Inspector Lestrade: “You were told to wait for my orders.”
Sherlock Holmes: “If I had, you'd be cleaning up a corpse”
The police arriving too late is a familiar trope in fiction. Does research have the same problem?
Many well-intentioned programs provide laptops in schools to improve learning among poor students. Such programs have been implemented in more than 36 countries, distributing millions of laptops. A lot of money has gone into this idea, especially considering that a typical laptop costs around $200, compared to the $53 per child low income countries spend per year on education. It’s only after many years of substantial money spent that research has come out showing the low effectiveness of these types of programs. This research was valuable but came too late.
This is not to say that research that comes after the fact is useless. On the contrary, it can be tremendously useful. It helps enormously with future programs and policies. It also serves broader purposes – deepening our knowledge and understanding what works and what doesn’t. The laptop debacle has taught the world many important lessons for deploying ed-tech in low-income contexts.
Faster research needed for faster impact
But is there a way to do things faster? So that answers come quicker and serve the beneficiaries now instead of later? Our new paper, written with a team of co-authors across five countries, has tried to do this – with both speed and scale. We conducted a five-country randomized trial within just 18 months. We tested the impact of phone-based educational tutorials, providing timely evidence on the effectiveness of this approach during COVID-19 school closures.
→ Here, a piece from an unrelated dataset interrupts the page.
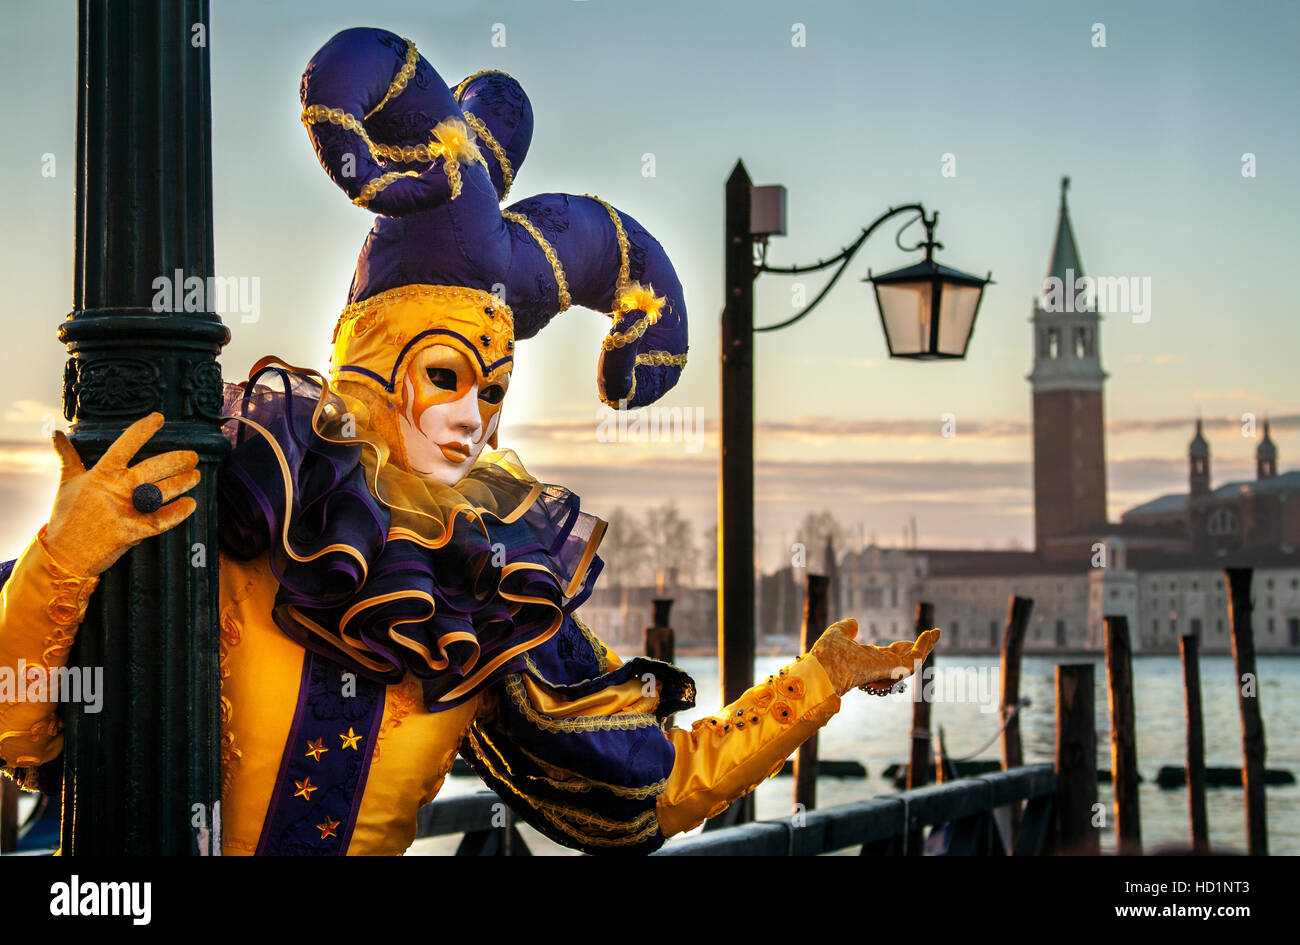 Venice, Italy - 23 February 2014 : Carnival in Venice, Italy. Stock Photo

Youth Impact, an NGO headquartered in Botswana, built on experience implementing Teaching at The Right Level (TaRL) in schools, a proven approach to teaching foundational literacy and numeracy, to respond quickly to continue to provide education during COVID-19 school closures.
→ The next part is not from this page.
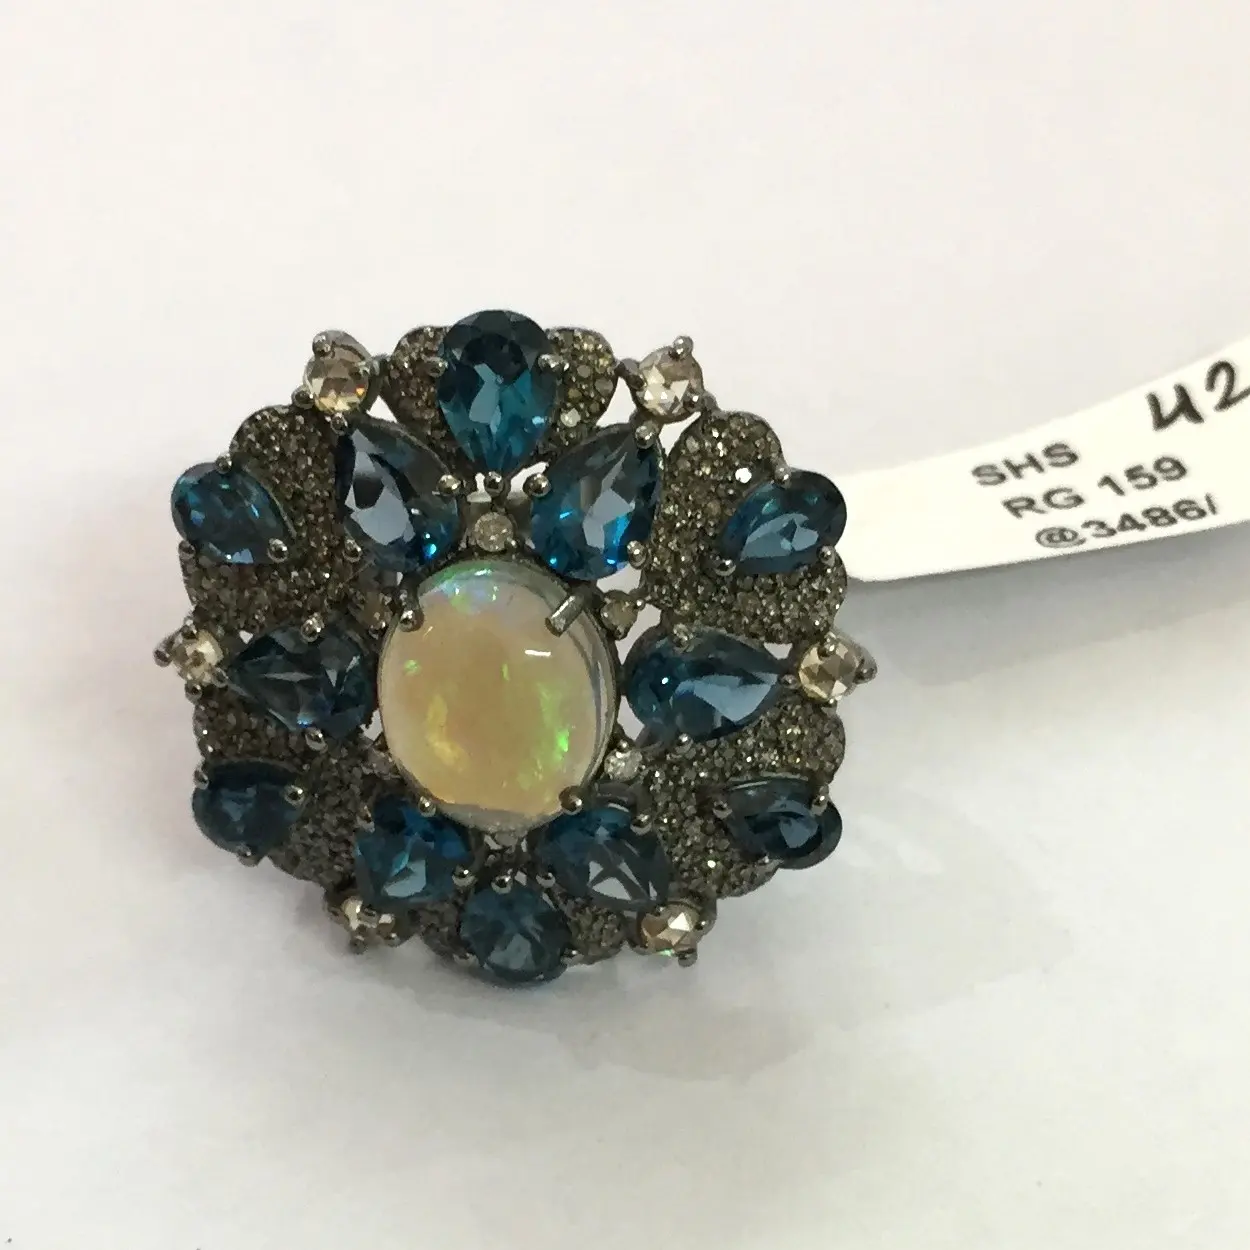 Real London Blue Topaz Opal Gemstone Female Beautiful Ring in argento 925 con finitura anticata gioielli con anello placcato rodio nero

In April 2020, within weeks of schools shutting down in Botswana, they tested a phone-based adaptation of TaRL—one-on-one tutoring from trained facilitators using phones (this approach is now called ConnectEd). Their randomized trial in Botswana showed promising results. By using text messages and phone-based tutoring together, math learning improved by 0.12 standard deviations.
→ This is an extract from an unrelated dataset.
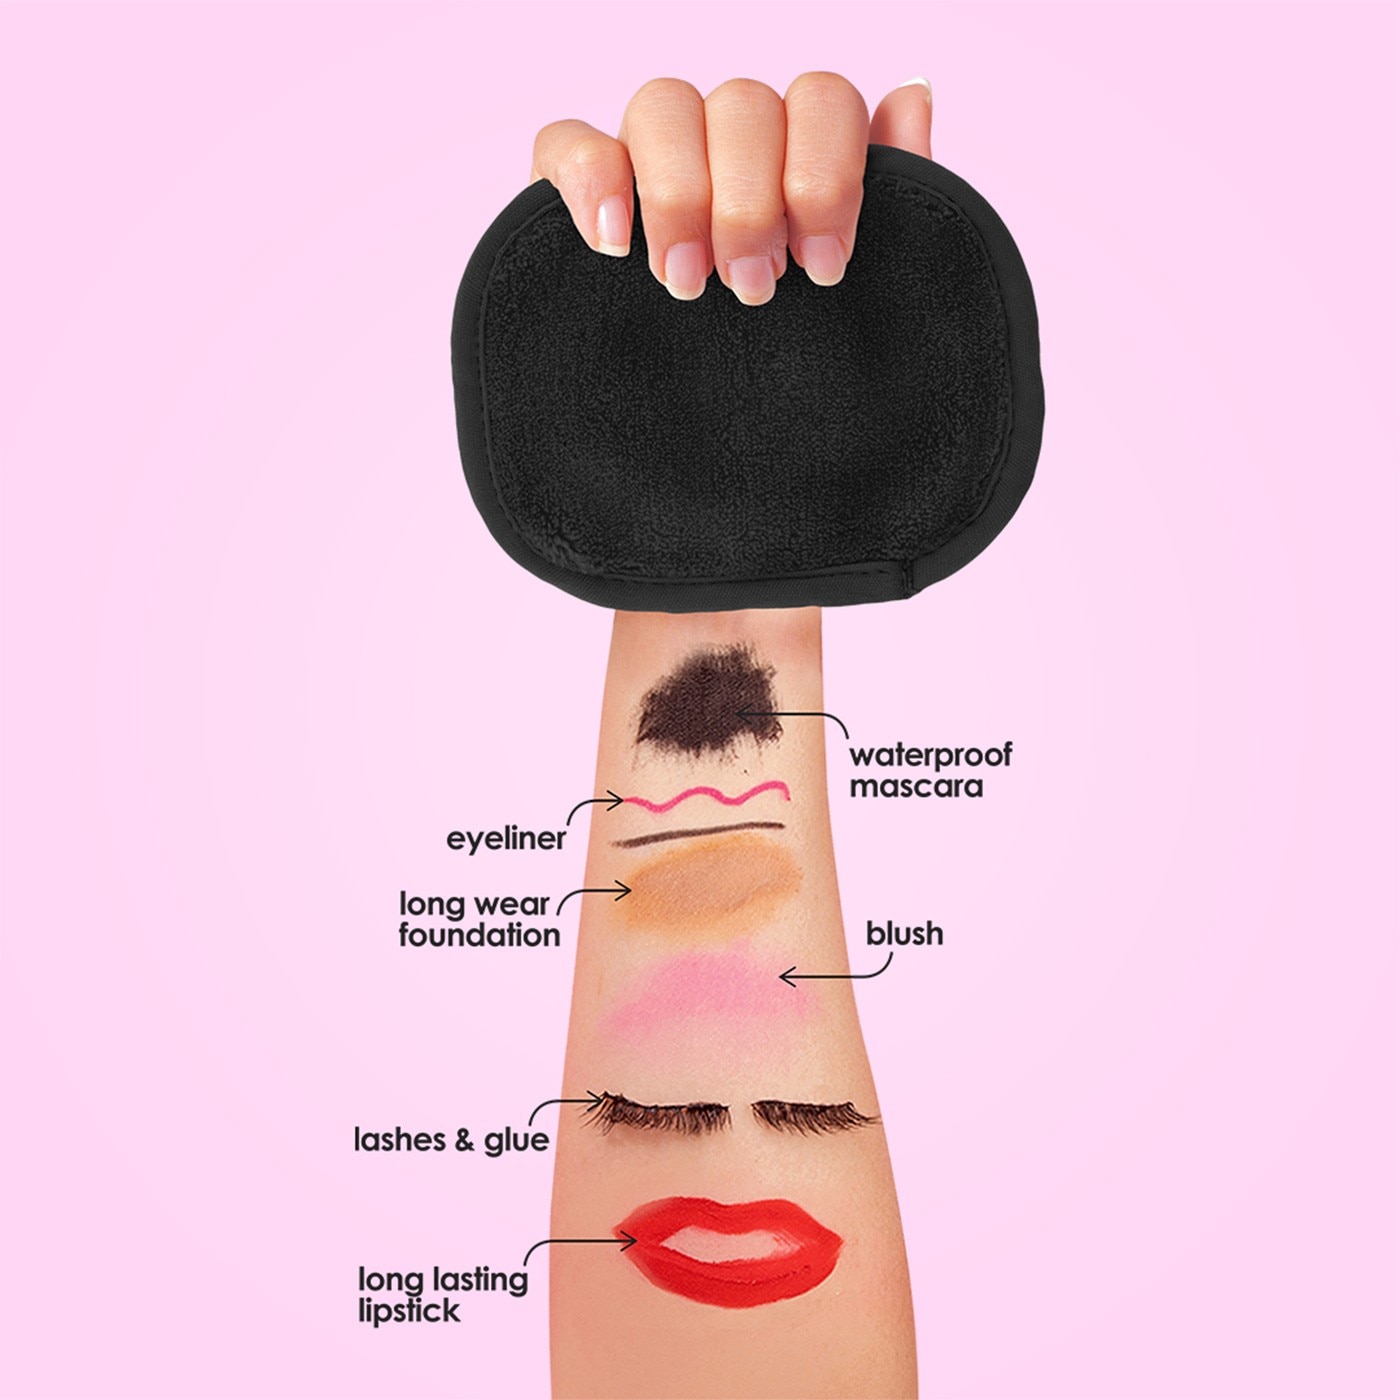 The Original MakeUp Eraser 卸妝巾組，專利技術超柔抗菌纖維，雙面使用，短毛面清除彩妝、長毛面清潔去角質，使用溫水即可卸除彩妝。

What next? The NGO took a gamble and decided to replicate the approach worldwide with a coalition of partners ranging from governments to NGOs to the multilaterals, such as the World Bank. This was in late 2020 when schools in many low- and middle-income countries remained closed and evidence of learning losses continued to mount. Our other research shows that one month of school closures led to one month of learning losses, on average. Globally, between March 2020 and March 2022 an average school-age child lost about one year (37 weeks) of schooling due to COVID-19-related school closures, causing massive learning losses that the world is still recovering from.
Swift replication across contexts is possible
A unique coalition of NGOs, governments, multilaterals, and researchers came together in five countries to test and adapt ConnectEd in their context. ConnectEd trials were launched in Kenya, Nepal, India, Philippines, and Uganda between December 2020 and October 2021. Some partnerships included government delivery. In Nepal, for example, the World Bank collaborated with the Ministry of Education, Science, and Technology, and two NGOs. This ambitious undertaking yielded some of the most rapid and comprehensive multi-country evidence generated on an education intervention.
The impacts have been impressive and consistent. On average, phone call tutorials improved learning by 0.33 standard deviations—over a third larger than the median effectiveness of typical education interventions. Although children who received phone tutoring learned more in every location, the greatest gains were in the Philippines and Uganda, where school closures were longer than in other countries. In Nepal and the Philippines, where the program was randomized to be delivered by both governments and NGOs, effects were similarly large across both models.
What did we learn from all this? First, on substance, we learned the mobile phones provide a flexible platform to reach people cheaply and across diverse settings, even during school disruption. Accompanied with high quality pedagogy focused on targeted instruction and foundational skills, mobile phones can enable teachers to tutor students and improve learning. Second, in terms of process, we learned evidence can be generated quickly, across contexts and with governments, to inform real-time challenges.
It’s time to test sound ideas quickly and replicate them swiftly. Some say better late than never. We say better early than late.